### [Work task]
The stretch from the line with "Sweater - Blassgrau - Grauer Sweater" through the line with "Confetti Shimmer - kate" in the records below: write it out exactly, and nothing else.
--- Working data ---
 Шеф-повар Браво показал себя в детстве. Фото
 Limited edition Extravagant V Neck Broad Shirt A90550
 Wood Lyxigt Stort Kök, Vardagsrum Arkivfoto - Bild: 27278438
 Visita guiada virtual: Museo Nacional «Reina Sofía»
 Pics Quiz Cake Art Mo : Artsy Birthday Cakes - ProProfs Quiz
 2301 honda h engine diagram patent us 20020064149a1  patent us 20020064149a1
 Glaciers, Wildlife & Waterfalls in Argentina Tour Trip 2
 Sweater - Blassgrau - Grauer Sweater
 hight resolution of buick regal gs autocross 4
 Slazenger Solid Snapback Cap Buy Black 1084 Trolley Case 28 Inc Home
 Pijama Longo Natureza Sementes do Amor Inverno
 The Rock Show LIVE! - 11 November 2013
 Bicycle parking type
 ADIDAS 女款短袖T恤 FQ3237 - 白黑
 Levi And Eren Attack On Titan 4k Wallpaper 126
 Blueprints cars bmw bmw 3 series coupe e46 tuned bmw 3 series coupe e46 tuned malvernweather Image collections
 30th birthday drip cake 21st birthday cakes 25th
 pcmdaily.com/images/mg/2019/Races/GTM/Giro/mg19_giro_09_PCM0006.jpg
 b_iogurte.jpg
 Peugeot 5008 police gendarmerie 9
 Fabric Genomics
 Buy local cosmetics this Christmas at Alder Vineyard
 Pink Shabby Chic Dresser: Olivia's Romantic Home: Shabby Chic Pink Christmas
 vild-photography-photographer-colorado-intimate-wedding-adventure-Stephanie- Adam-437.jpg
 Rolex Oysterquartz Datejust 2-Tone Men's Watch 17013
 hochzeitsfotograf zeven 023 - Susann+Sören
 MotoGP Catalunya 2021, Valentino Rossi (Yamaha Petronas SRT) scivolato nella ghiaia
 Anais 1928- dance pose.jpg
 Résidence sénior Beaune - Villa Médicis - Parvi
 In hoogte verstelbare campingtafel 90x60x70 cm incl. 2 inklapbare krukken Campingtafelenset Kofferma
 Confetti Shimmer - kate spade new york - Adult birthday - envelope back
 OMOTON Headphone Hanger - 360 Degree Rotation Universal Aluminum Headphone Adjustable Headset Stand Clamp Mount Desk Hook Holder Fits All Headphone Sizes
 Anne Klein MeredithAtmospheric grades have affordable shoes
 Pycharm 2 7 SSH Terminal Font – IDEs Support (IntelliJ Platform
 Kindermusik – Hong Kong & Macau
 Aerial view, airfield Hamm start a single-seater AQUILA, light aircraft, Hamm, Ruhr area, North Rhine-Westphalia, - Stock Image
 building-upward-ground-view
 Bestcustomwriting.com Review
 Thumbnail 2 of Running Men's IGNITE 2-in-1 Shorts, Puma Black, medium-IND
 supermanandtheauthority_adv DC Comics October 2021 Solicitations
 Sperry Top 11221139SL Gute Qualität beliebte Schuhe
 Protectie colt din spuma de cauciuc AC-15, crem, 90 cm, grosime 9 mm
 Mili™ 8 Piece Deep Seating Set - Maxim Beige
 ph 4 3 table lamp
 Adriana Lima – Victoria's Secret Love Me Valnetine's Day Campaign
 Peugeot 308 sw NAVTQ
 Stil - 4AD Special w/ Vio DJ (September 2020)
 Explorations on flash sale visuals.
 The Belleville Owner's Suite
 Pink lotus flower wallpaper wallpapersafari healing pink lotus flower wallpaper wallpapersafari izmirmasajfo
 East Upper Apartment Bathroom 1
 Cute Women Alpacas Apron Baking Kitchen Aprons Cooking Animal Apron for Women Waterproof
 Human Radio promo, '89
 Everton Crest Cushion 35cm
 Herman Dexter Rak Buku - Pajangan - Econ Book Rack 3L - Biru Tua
---
### [Answer area]
 Sweater - Blassgrau - Grauer Sweater
 hight resolution of buick regal gs autocross 4
 Slazenger Solid Snapback Cap Buy Black 1084 Trolley Case 28 Inc Home
 Pijama Longo Natureza Sementes do Amor Inverno
 The Rock Show LIVE! - 11 November 2013
 Bicycle parking type
 ADIDAS 女款短袖T恤 FQ3237 - 白黑
 Levi And Eren Attack On Titan 4k Wallpaper 126
 Blueprints cars bmw bmw 3 series coupe e46 tuned bmw 3 series coupe e46 tuned malvernweather Image collections
 30th birthday drip cake 21st birthday cakes 25th
 pcmdaily.com/images/mg/2019/Races/GTM/Giro/mg19_giro_09_PCM0006.jpg
 b_iogurte.jpg
 Peugeot 5008 police gendarmerie 9
 Fabric Genomics
 Buy local cosmetics this Christmas at Alder Vineyard
 Pink Shabby Chic Dresser: Olivia's Romantic Home: Shabby Chic Pink Christmas
 vild-photography-photographer-colorado-intimate-wedding-adventure-Stephanie- Adam-437.jpg
 Rolex Oysterquartz Datejust 2-Tone Men's Watch 17013
 hochzeitsfotograf zeven 023 - Susann+Sören
 MotoGP Catalunya 2021, Valentino Rossi (Yamaha Petronas SRT) scivolato nella ghiaia
 Anais 1928- dance pose.jpg
 Résidence sénior Beaune - Villa Médicis - Parvi
 In hoogte verstelbare campingtafel 90x60x70 cm incl. 2 inklapbare krukken Campingtafelenset Kofferma
 Confetti Shimmer - kate spade new york - Adult birthday - envelope back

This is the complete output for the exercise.